Page MenuHomePhabricator

Inconsistent time series data on mediawiki-errors Logstash dashboard
Open, Needs TriagePublicBUG REPORT

Assigned To
None
Authored By
Tgr
Mar 11 2023, 7:57 AM
Referenced Files
F36905913: 90d.png
Mar 11 2023, 7:57 AM
F36905907: 7d.png
Mar 11 2023, 7:57 AM
F36905905: 24h.png
Mar 11 2023, 7:57 AM
F36905911: 30d.png
Mar 11 2023, 7:57 AM
F36905909: 14d.png
Mar 11 2023, 7:57 AM
Subscribers

Description

Here are some screenshots of https://logstash.wikimedia.org/goto/b32de0fd6fa3aca4432fa38f1e0f9e89 (from T328872) with different time range settings:

Last 14 days
14d.png (602×2 px, 96 KB)
Last 30 days
30d.png (592×2 px, 96 KB)

These aren't even remotely consistent.

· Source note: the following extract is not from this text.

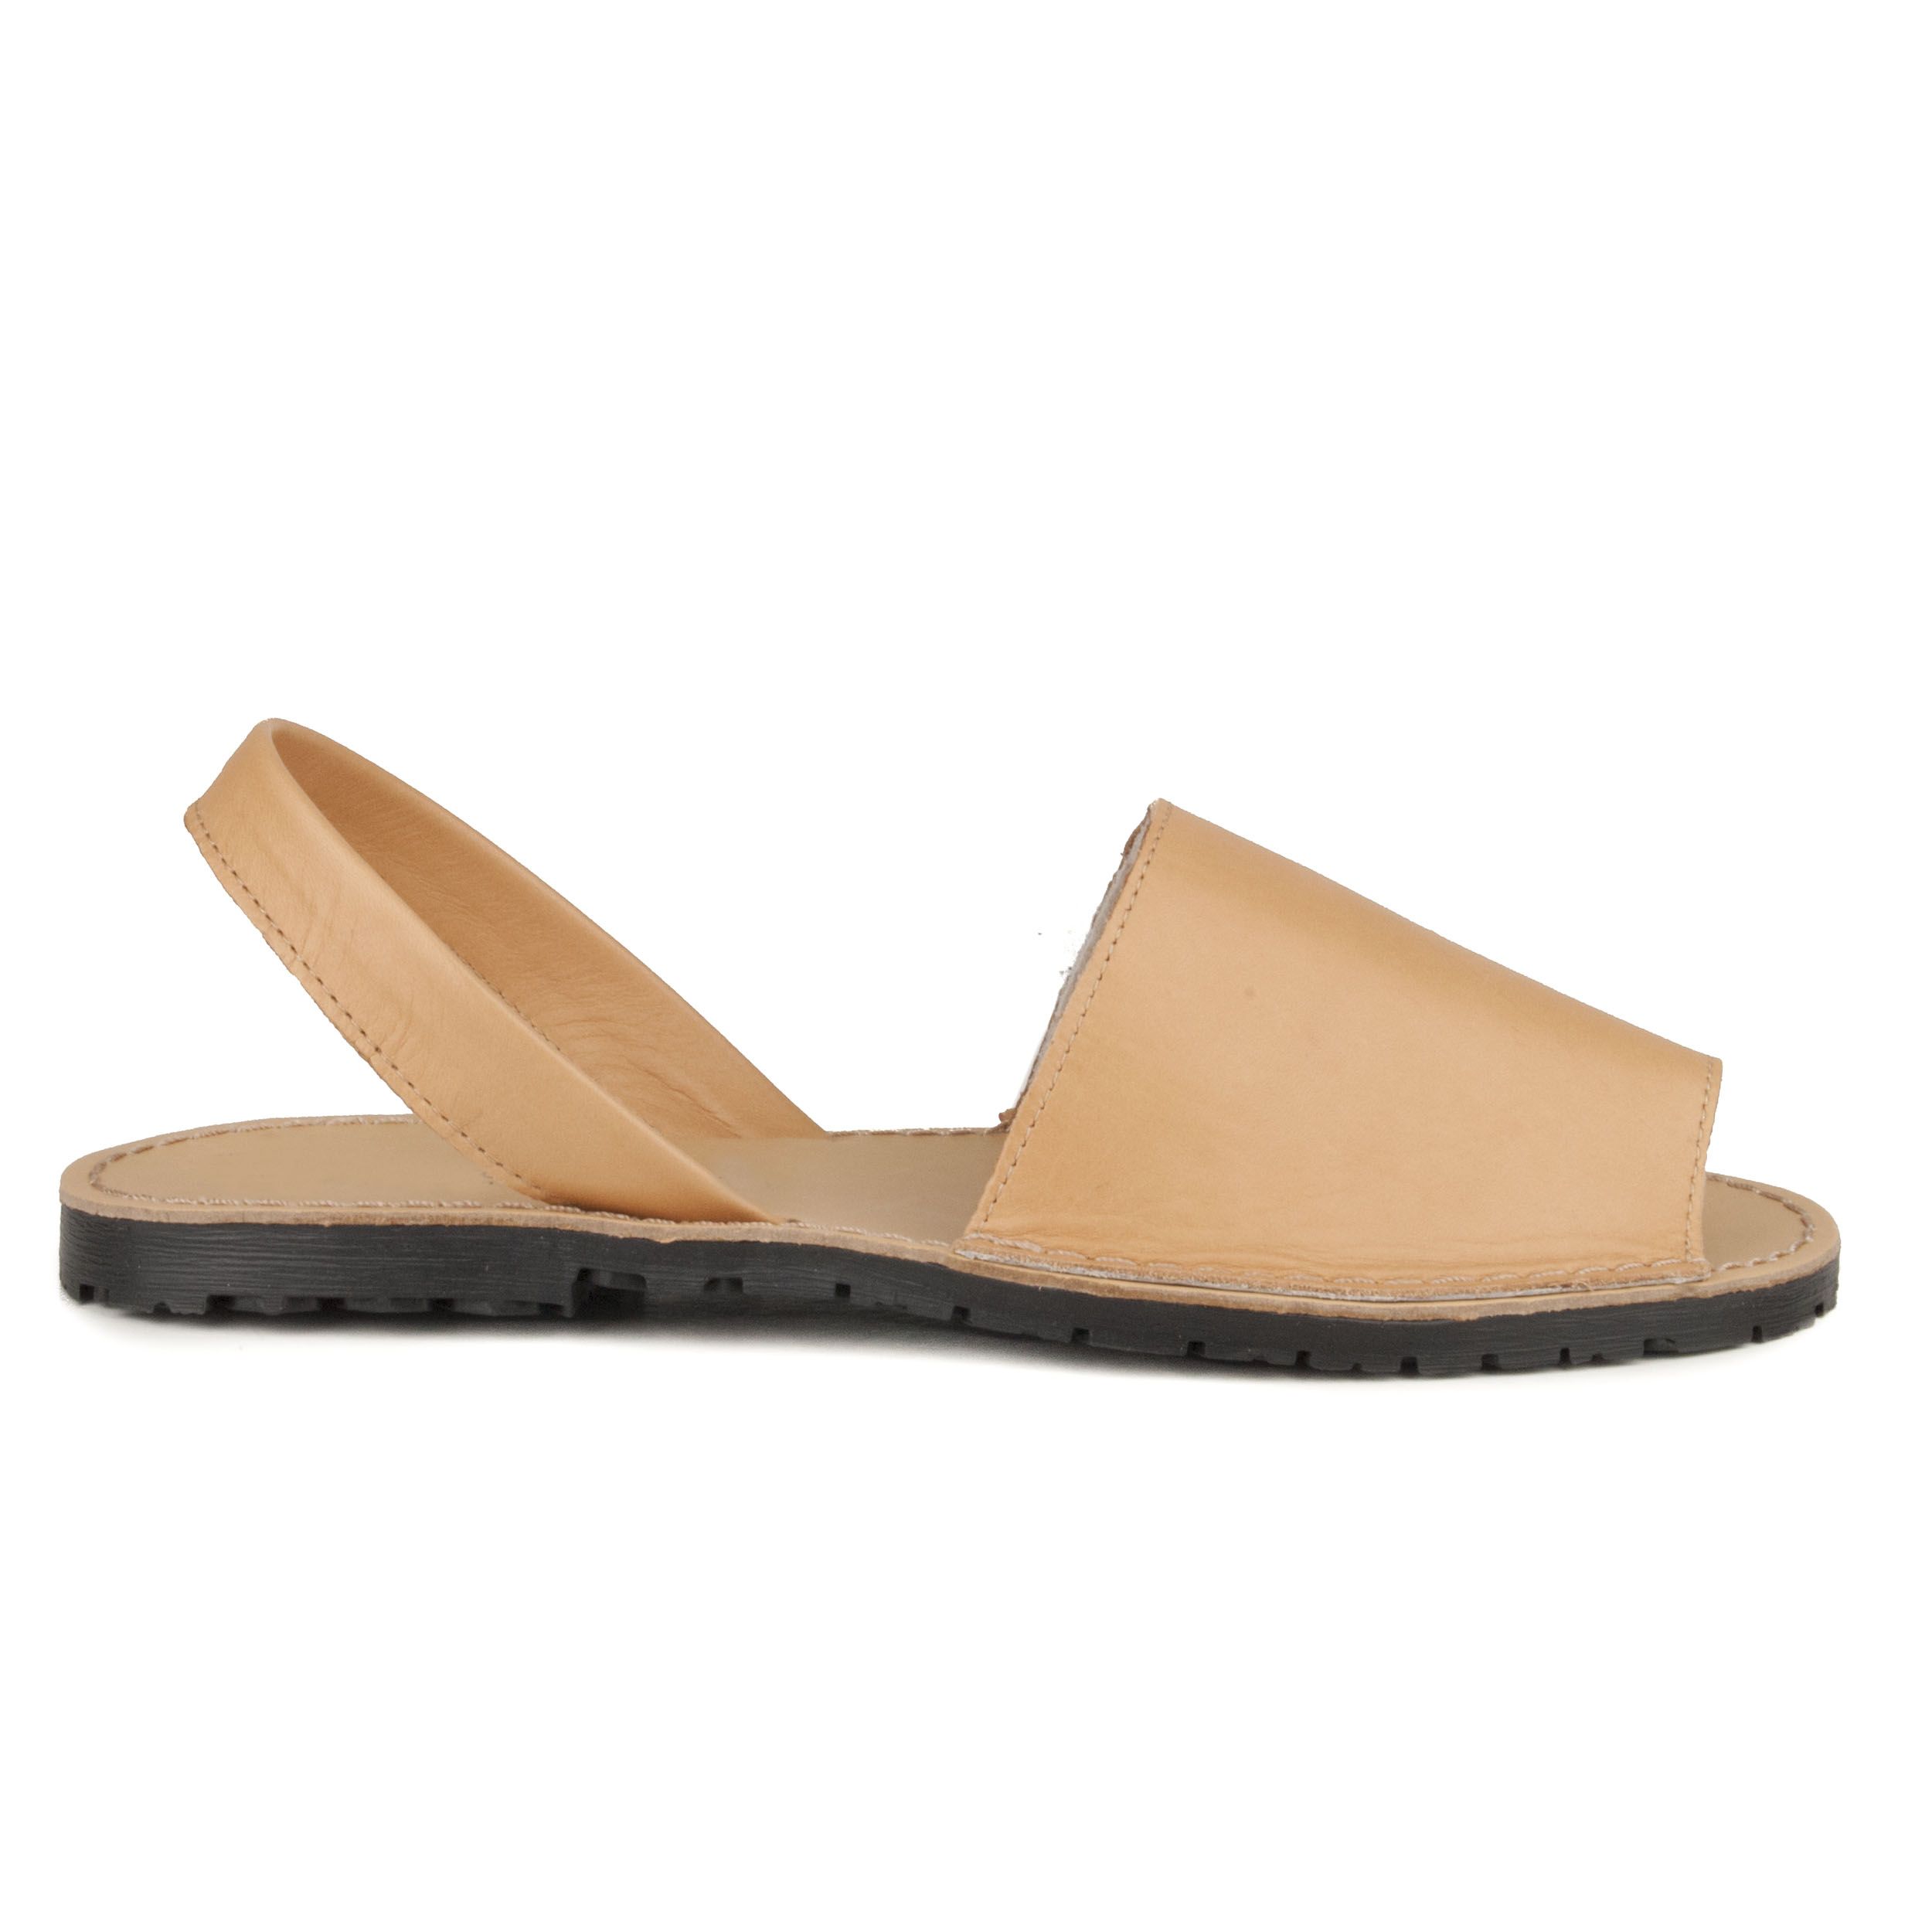 Women's Ibizan sandal, made of natural skin with flexible rubber floor for greatest comfort. Anti-slip sole. Comfortable and very summer. With rear fastening for convenience.

The 14d range shows ~600 events, concentrated in the last 4 days. The 30d range shows ~20 errors (but the aggregate chart still says 600-ish), most of them in the first two weeks. (Shorter time ranges seem consistent with the 14d one: 24h F36905905, 7d F36905907; longer ones consistent with the 30d one: 90d F36905913) What's going on here?

The switch happens (at the time of writing this, anyway) when I move the starting point of the range over Feb 21 15h.

Error time series are important for correlating errors with code or configuration changes, it's bad if we can't have confidence in them.